→ **Task instructions**:
Repeat, line for line, only the span that opens at the "Isla Mujeres Scuba" line and closes at the final line below. Skip the pictures.

→ **Given material**:
┌──
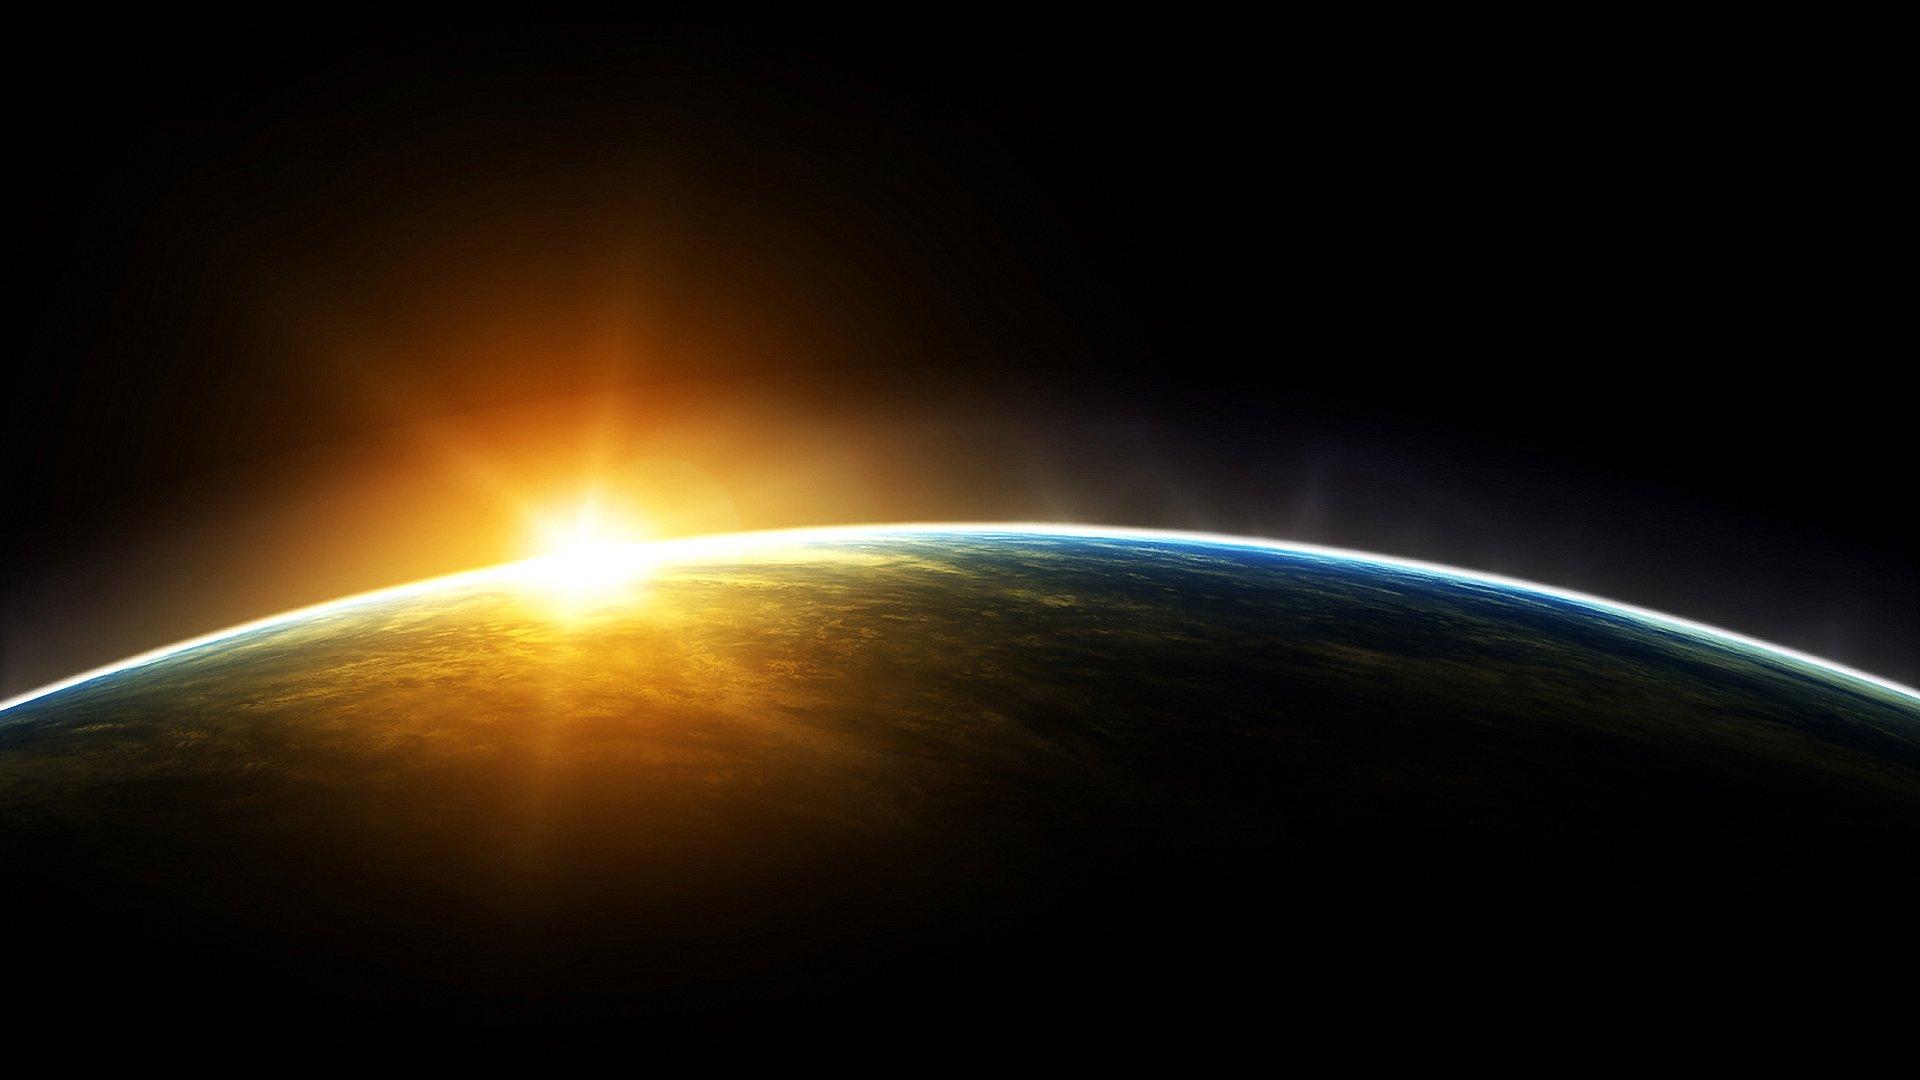 earth planet hd - photo #44
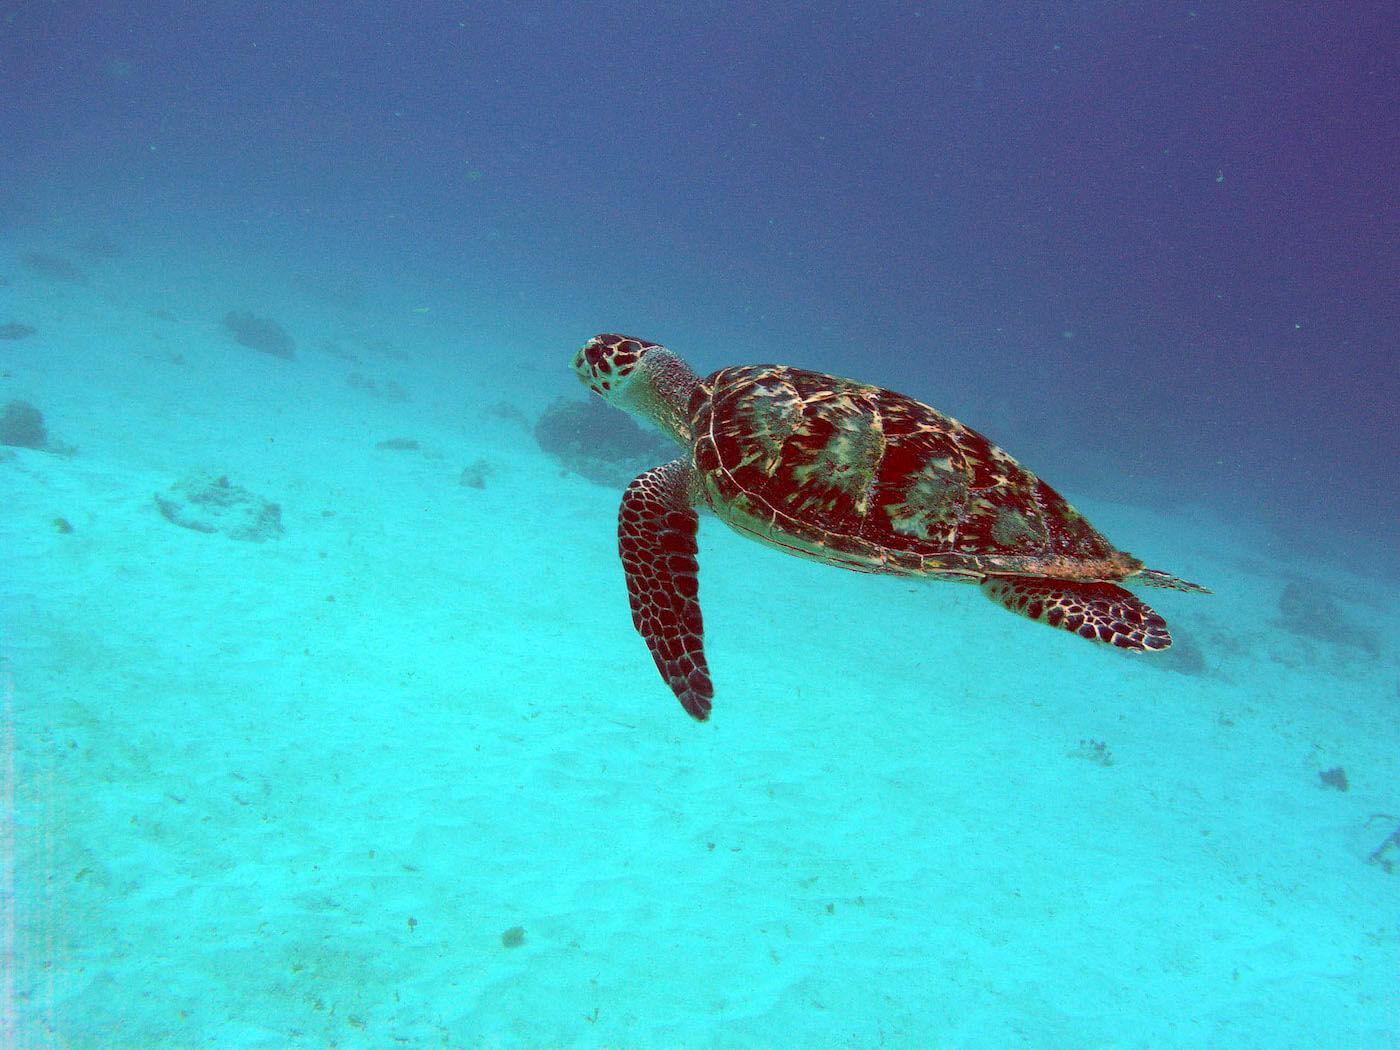 Isla Mujeres Scuba Diving Snorkeling Manchones Reef Squalo Adventures-31
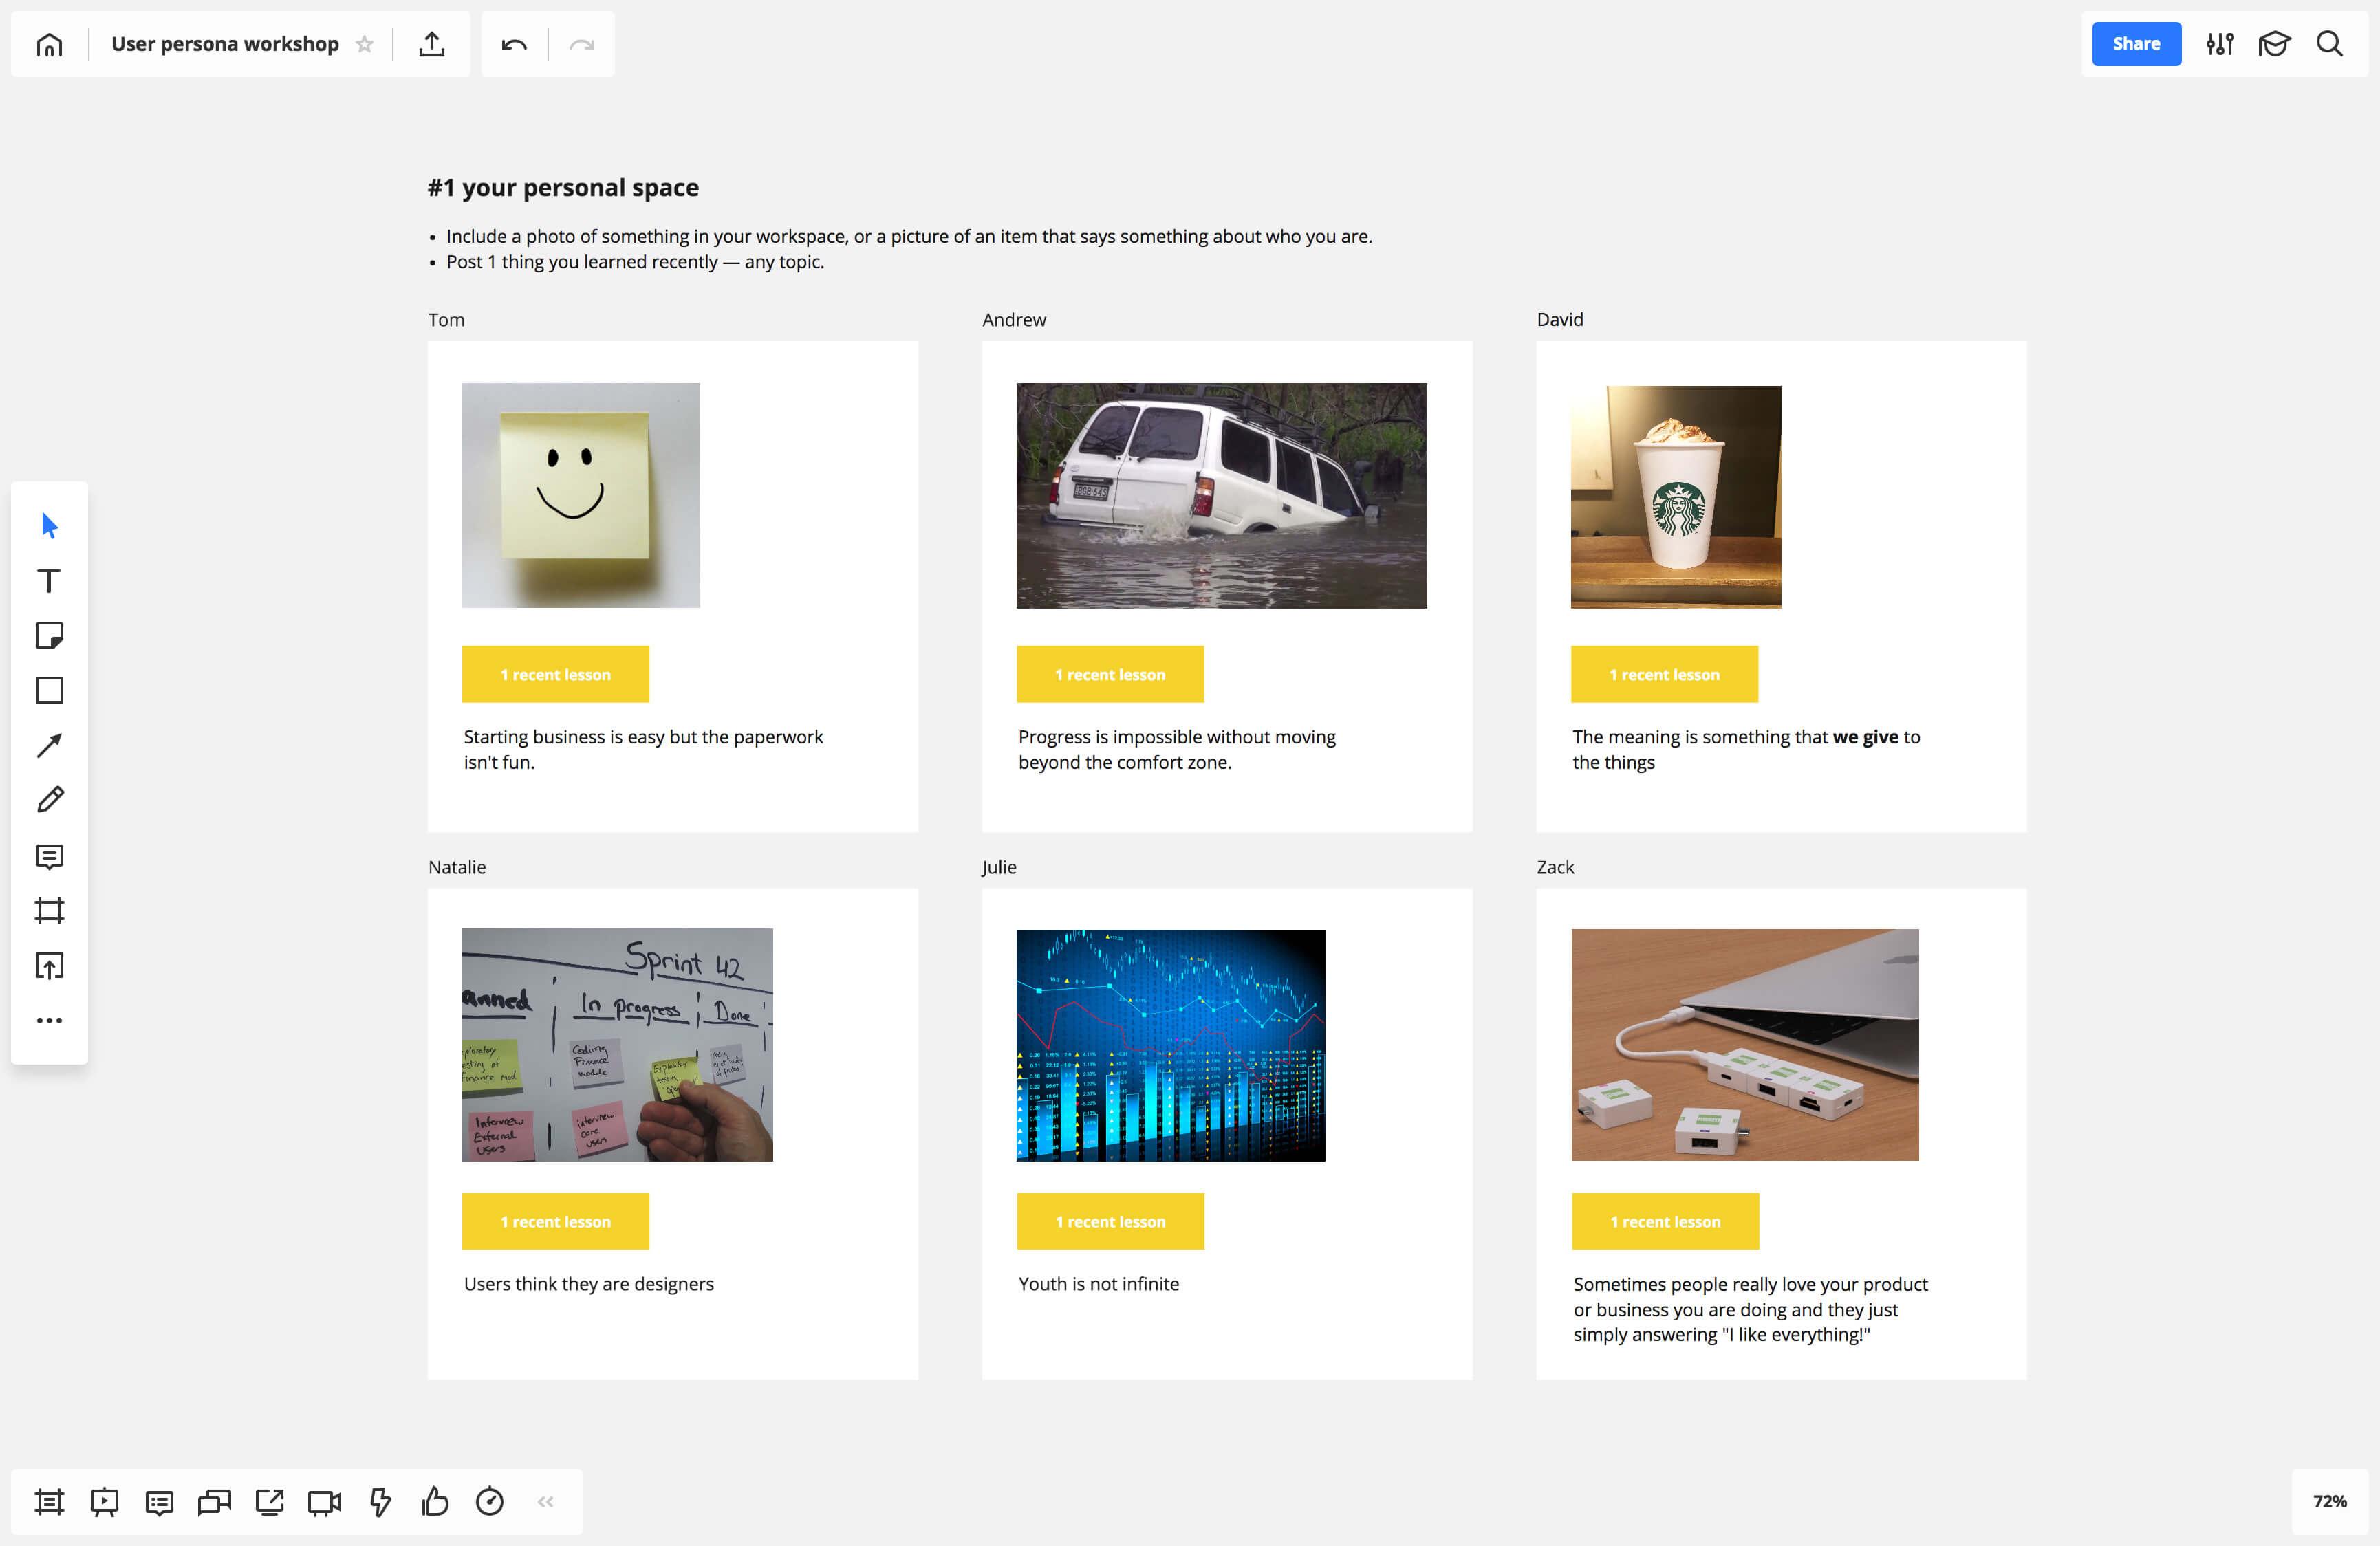 Remote team building activities - persona workshop
└──
→ **Solution for this task**:
 Isla Mujeres Scuba Diving Snorkeling Manchones Reef Squalo Adventures-31
 Remote team building activities - persona workshop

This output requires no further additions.